Don't forget to add an LOP SE!! :naughty:


----------



## Moonknight (Oct 30, 2006)

*Re: Moonknight's Fenix Collection (Updated 30 Oct 2006)*

Muah ha ha ha ha ha 

This is my EDC, my most beloved Fenix up to date.....

Presenting Fenix P1


----------



## Moonknight (Oct 30, 2006)

*Re: Moonknight's Fenix Collection (Updated 30 Oct 2006)*

Second on the list.....my collection on the AAs...

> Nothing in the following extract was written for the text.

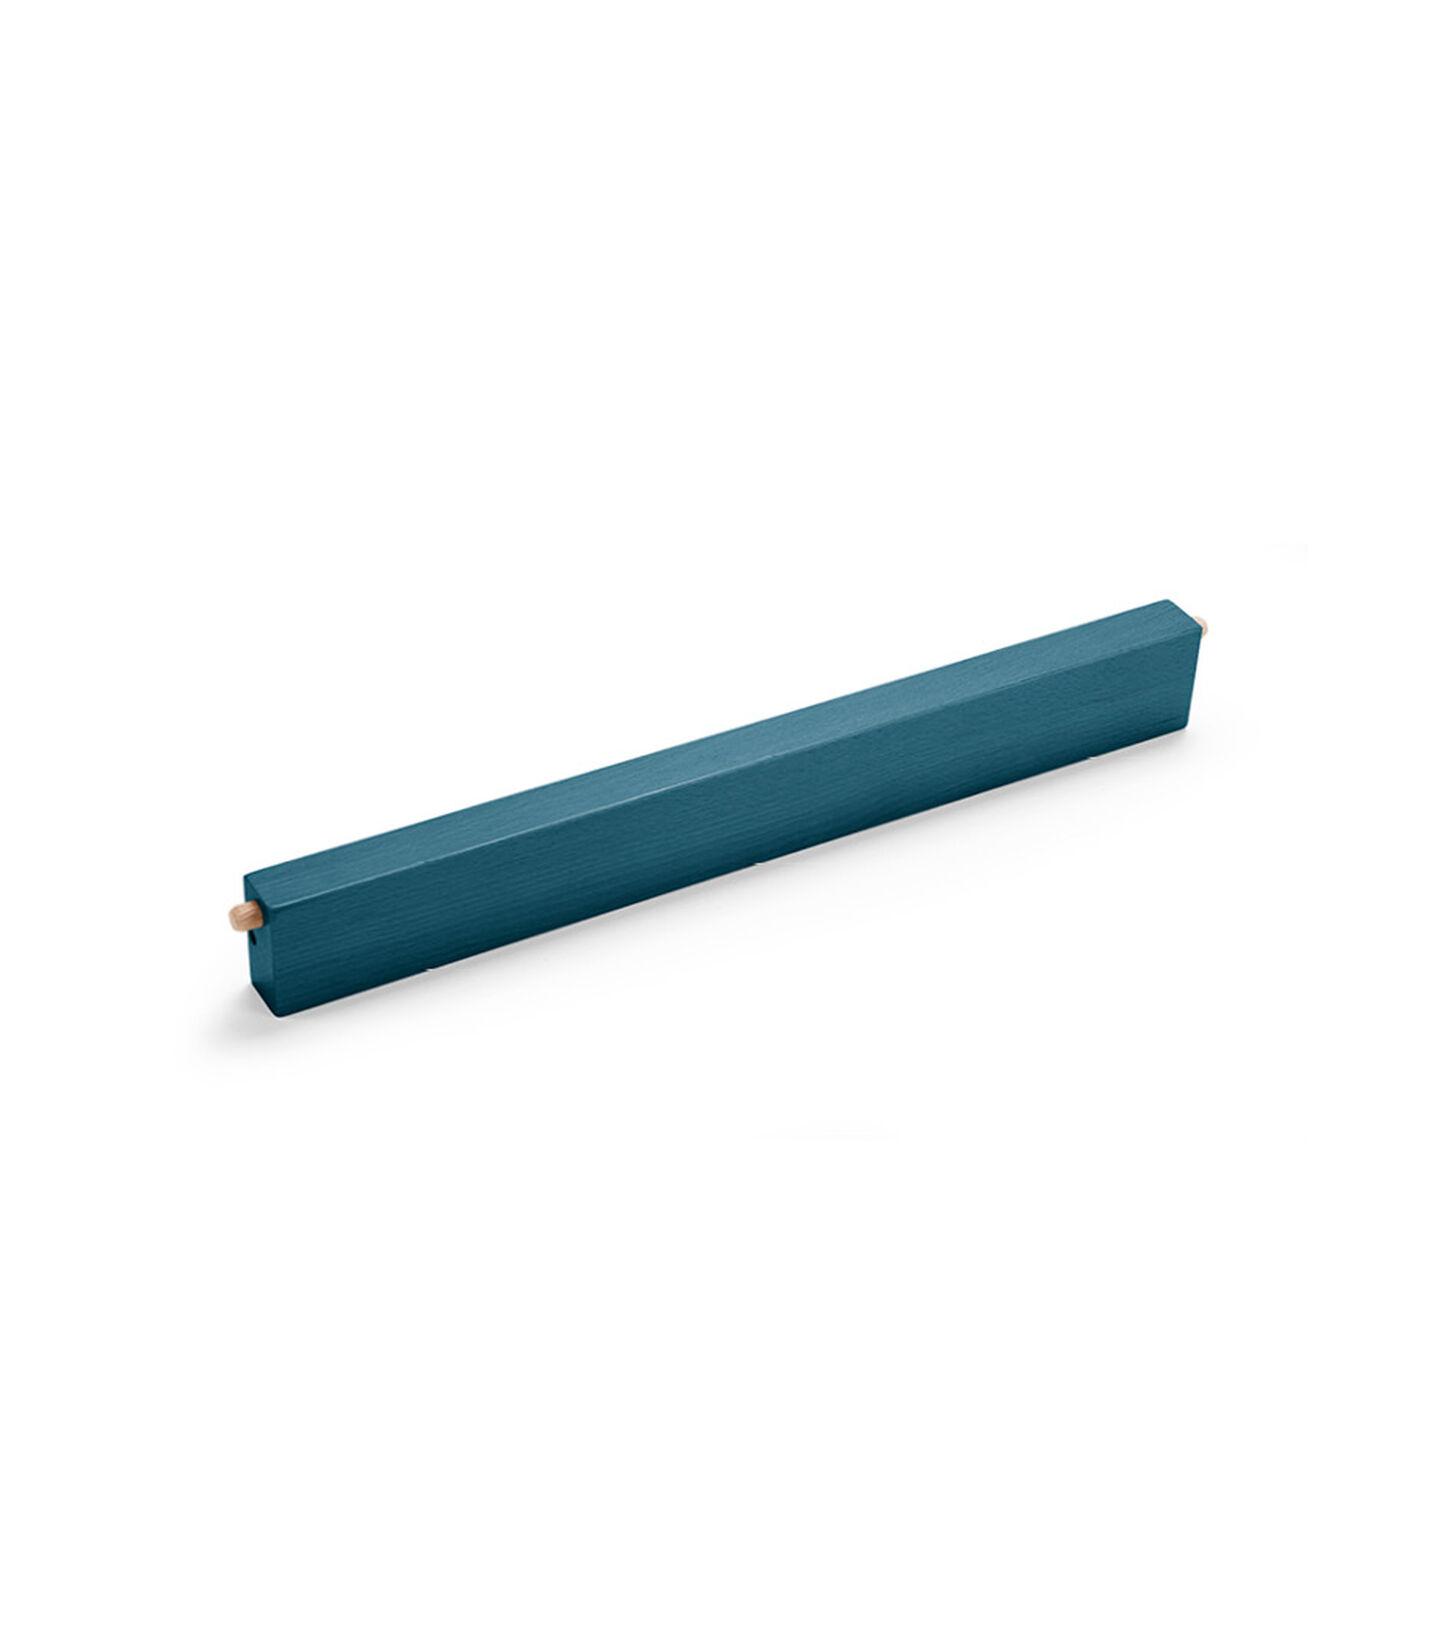 Tripp Trapp® Floorbrace Midnight Blue, Blu Notte, mainview view 2

Left to Right : Civictor V1, L1S, L1T, L1P, L1 (Silver), L1 (Black) and the legendary Stainless Steel L1+


----------



## Moonknight (Oct 30, 2006)

*Re: Moonknight's Fenix Collection (Updated 30 Oct 2006)*

Third, my little cutie AAAs.....





Left to Right : E0 (Black), E0 (Silver), E1 (Black), E1 (Silver), L0P and L0P SE


----------



## Moonknight (Oct 30, 2006)

*Re: Moonknight's Fenix Collection (Updated 30 Oct 2006)*

Last, but not the least, the trio power house 2xAAs...

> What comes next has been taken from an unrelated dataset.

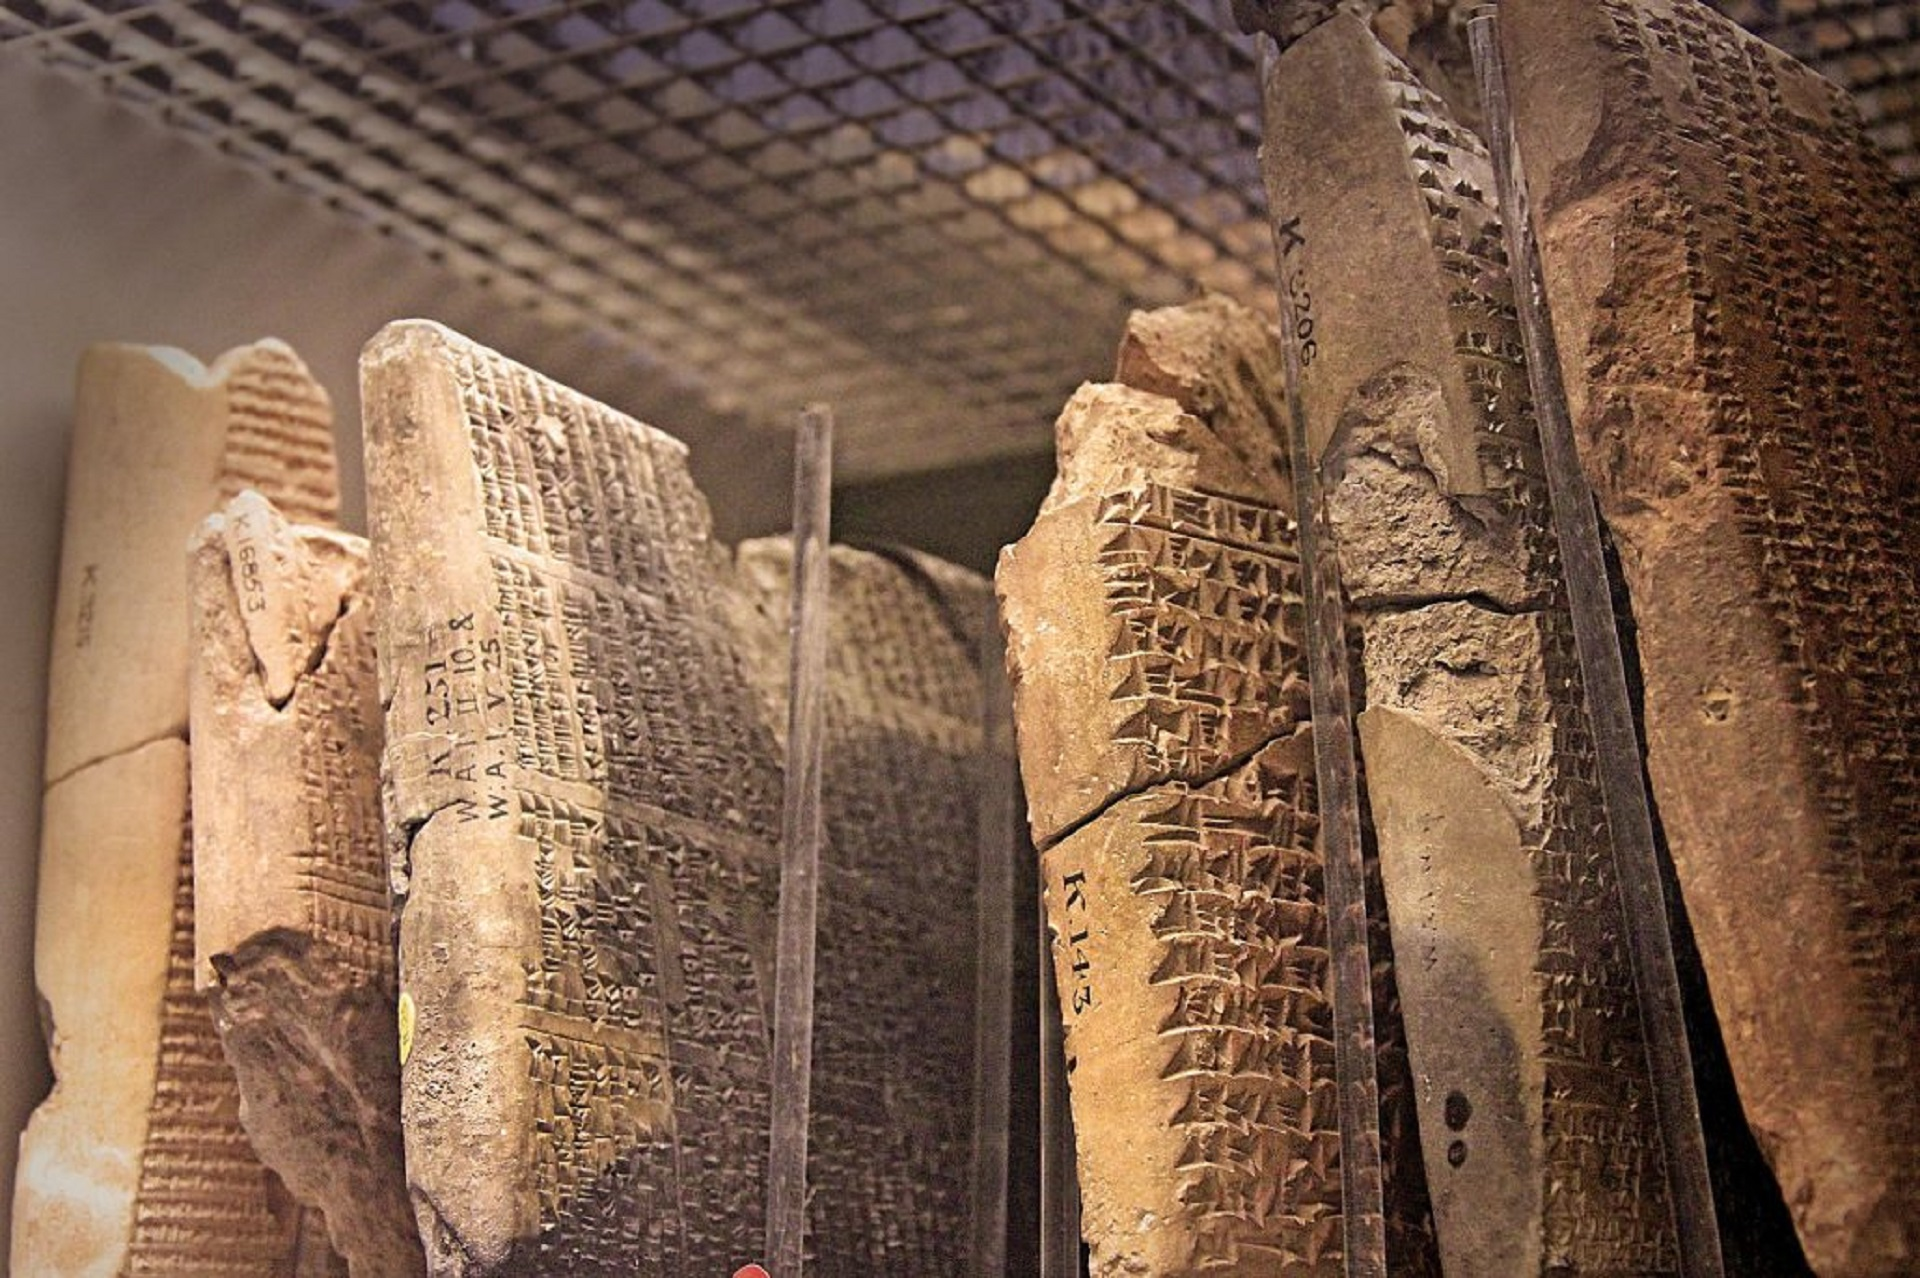 Библиотека ассирийского царя ашшурбанипала картинки

Left to Right : L2P, L2S and L2T


----------



## NutSAK (Oct 30, 2006)

*Re: Moonknight's Fenix Collection (Updated 30 Oct 2006)*

Very nice! I'm not just a nut for SAKs, I'm a nut for Fenix also. 

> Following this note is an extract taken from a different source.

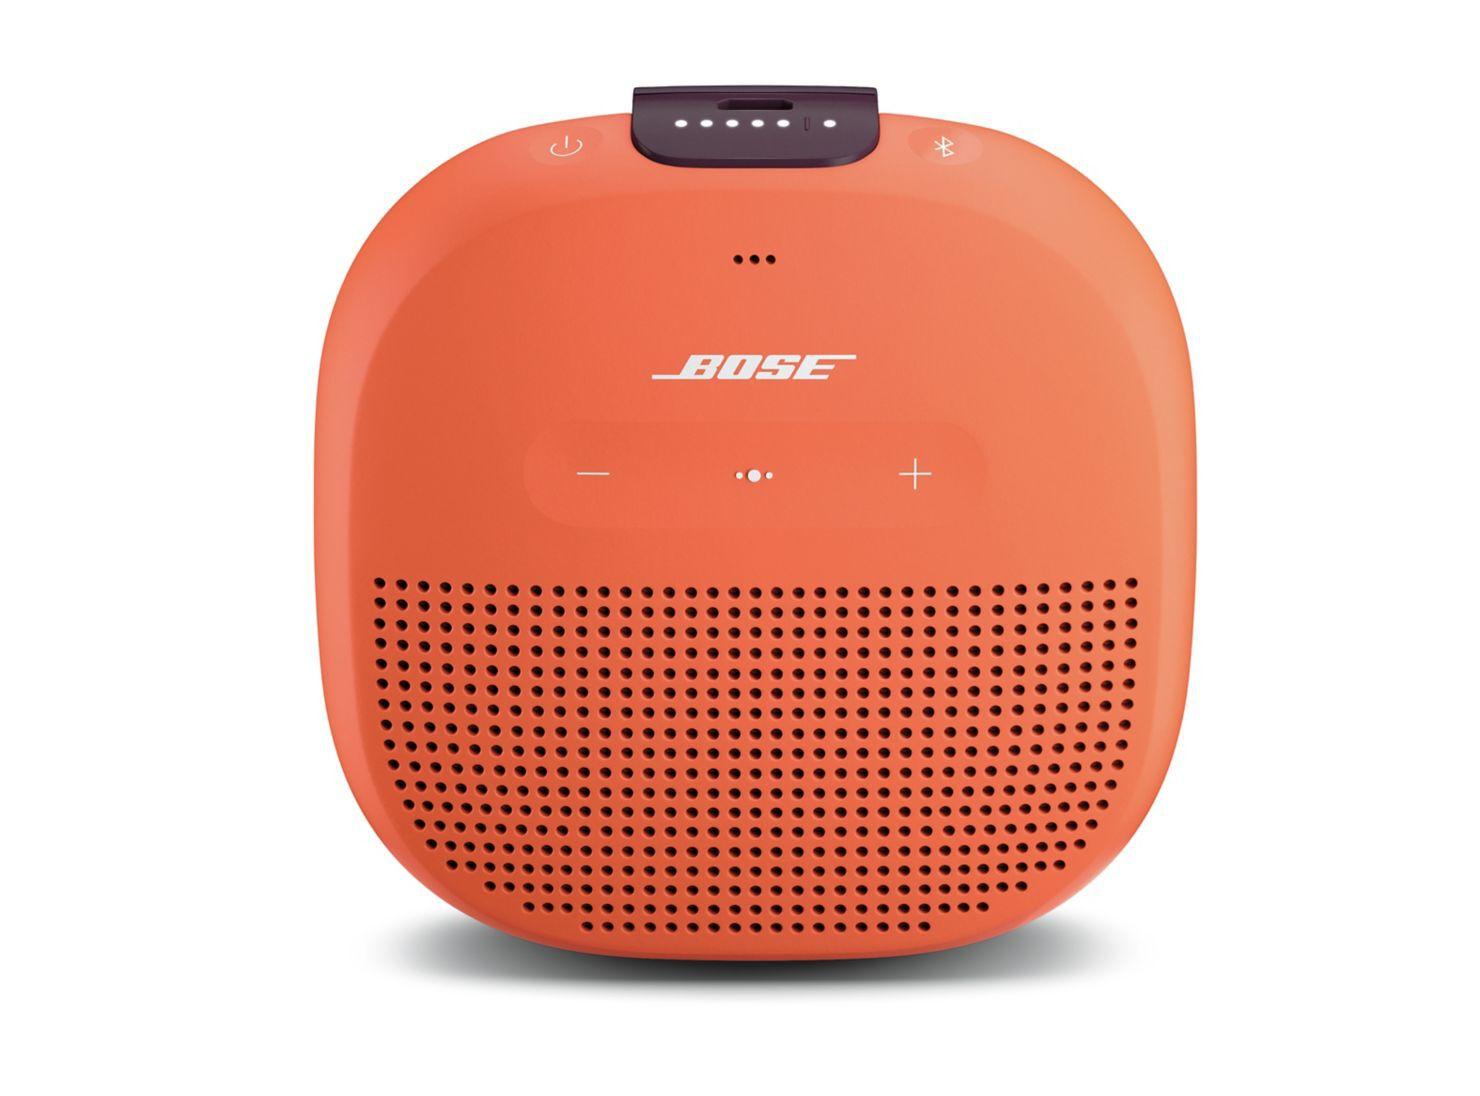 d1f1656542da Parlante Bose Soundlink Micro Bluetooth Naranjo en Audio

Which 2AA Fenix do you like the most? I use my L2T often but I find that I still like the L2P best, mainly for runtime on high.


----------



## Moonknight (Oct 30, 2006)

*Re: Moonknight's Fenix Collection (Updated 30 Oct 2006)*



NutSAK said:


> Very nice! I'm not just a nut for SAKs, I'm a nut for Fenix also.
> 
> Which 2AA Fenix do you like the most? I use my L2T often but I find that I still like the L2P best, mainly for runtime on high.


 
Thanks! Same as you too, I still love the L2P most :kiss: But the high beam on L2T/S is great as well


----------



## adirondackdestroyer (Oct 30, 2006)

*Re: Moonknight's Fenix Collection (Updated 30 Oct 2006)*

Wow, and I thought I was a Fenix supporter with my L1P,P1,EO, and LOPSE. I bought my L1P back when Fenix was reletively new and before any of the other 1AA Luxeon lights were on the market. I still think they are the best of all the 1AA light makers and have a pretty strong fan following. Your collection is quite impressive especially the rare stainless steel version!!


----------



## Concept (Oct 31, 2006)

*Re: Moonknight's Fenix Collection (Updated 30 Oct 2006)*

I am also a mear amature. I have only 5 Fenix lights but I do love em.

Well done on the collection. Now just hope they don't bring out anymore lights for a while......Who am I kidding I want a P1 SE!


----------



## Moonknight (Nov 3, 2006)

Hope fenix could produce more high quality flashlights. I am sure all the flashaholics here do not mind paying a bit more (not too much) for quality lights.

I personally feel that the L1P and L2P are the best batches in terms of machining quality so far...

Anodising is getting slightly better nowadays.


----------



## Thujone (Nov 3, 2006)

*prediction* I think we will see a multi level P1 Xre

OK, so that is just what I want but hey, if my prediction comes true who could resist!


----------



## Moonknight (Nov 3, 2006)

Yeah TJ, you are right. Sometimes while using it at my work, firing my P1 at a reflective surface accidentally burns my eyes...:lolsign: 


If there were a multi level P1, it would be great....


----------



## Concept (Nov 4, 2006)

P1 SE XR-E
The name is getting kind of long but I'd still buy one.


----------



## Moonknight (Nov 4, 2006)

Hahaha... The longer the name the better huh :laughing: 

Lets hope Fenix can increase the production run on the L0P Ti so that all those who wants it owns it.


----------



## Concept (Nov 4, 2006)

Heres hoping!


----------